Wheat is a crop that does not ‘travel’ well. It needs significant local adaptation to succeed. As a consequence, a major goal for wheat breeding in Europe is to develop varieties for all of the many sub-regions that exist. Whether it is spring or winter wheat, the breadth of coverage possible with single varieties is limited, although within a sub-region a variety can command high market shares if its performance is sufficiently superior to others.
The next key criteria for breeding is the quality group that is being targeted — since wheat has a very diverse usage ranging from animal feed to bakery products and also non-food products. The range of wheat-based products also varies by sub-region within Europe, based on the market preferences for baked goods, the industrial focus and on the ability to produce wheat crops with particular quality parameters (protein content, gluten content, hectolitre weight etc.) due to local environmental conditions.
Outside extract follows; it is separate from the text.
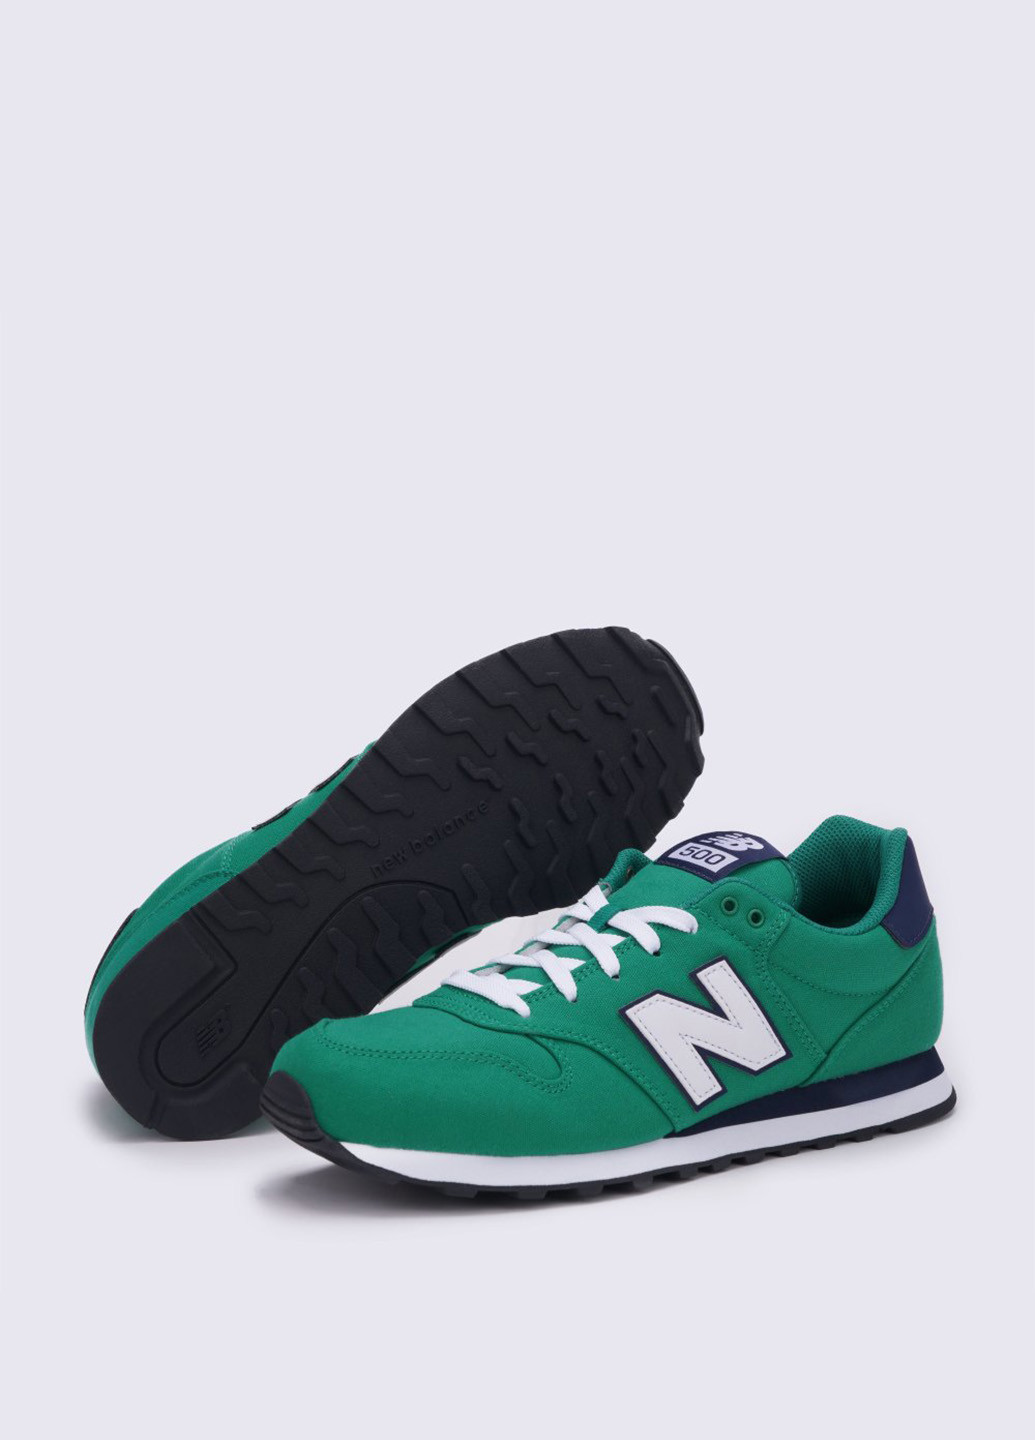 Зеленые всесезонные кроссовки New Balance 500 Сanvas

In addition, legislation on input uses has an influence on the ability of farmers to produce to particular quality standards, impacting the kinds of wheat varieties required. An example of this is the restriction on nitrogen usage in Denmark today.
Once the target region for breeding is identified along with the quality market, yield is the primary breeding goal.
“Breeders aim to produce varieties with the highest yield potential. Once this is achieved, breeders then target resistance to biotic and abiotic stresses to protect the yield potential that they have incorporated,” says Chris Tapsell, head of wheat breeding for KWS, U.K. “In areas under an oceanic climate — northwestern Europe — stiff straw and sprouting resistance are important goals, whereas in Mediterranean areas or areas under continental climate, drought resistance is more important.”
Jayne Stragliati, manager of wheat in Western Europe for Limagrain Europe, agrees. “I think it is good to [put emphasis] on stable yield. For me this is one of the main challenges for a breeder today. Why? Because the biotic and abiotic stresses are never the same due to climatic changes and new races appearing. A good example is the yellow rust Warrior, which is present throughout Europe from Portugal to Eastern Europe. This has never been experienced by wheat breeders before. The importance is to have durable resistance and not main genes.”
Laurent Guerreiro, Director of RAGT, France is not so sure yet: “The final goal would be to have durable resistance, but all the genetic mechanisms of this so called durable resistance are not well known. At the time being, dealing with major genes and combining all these genes is still an important strategy.”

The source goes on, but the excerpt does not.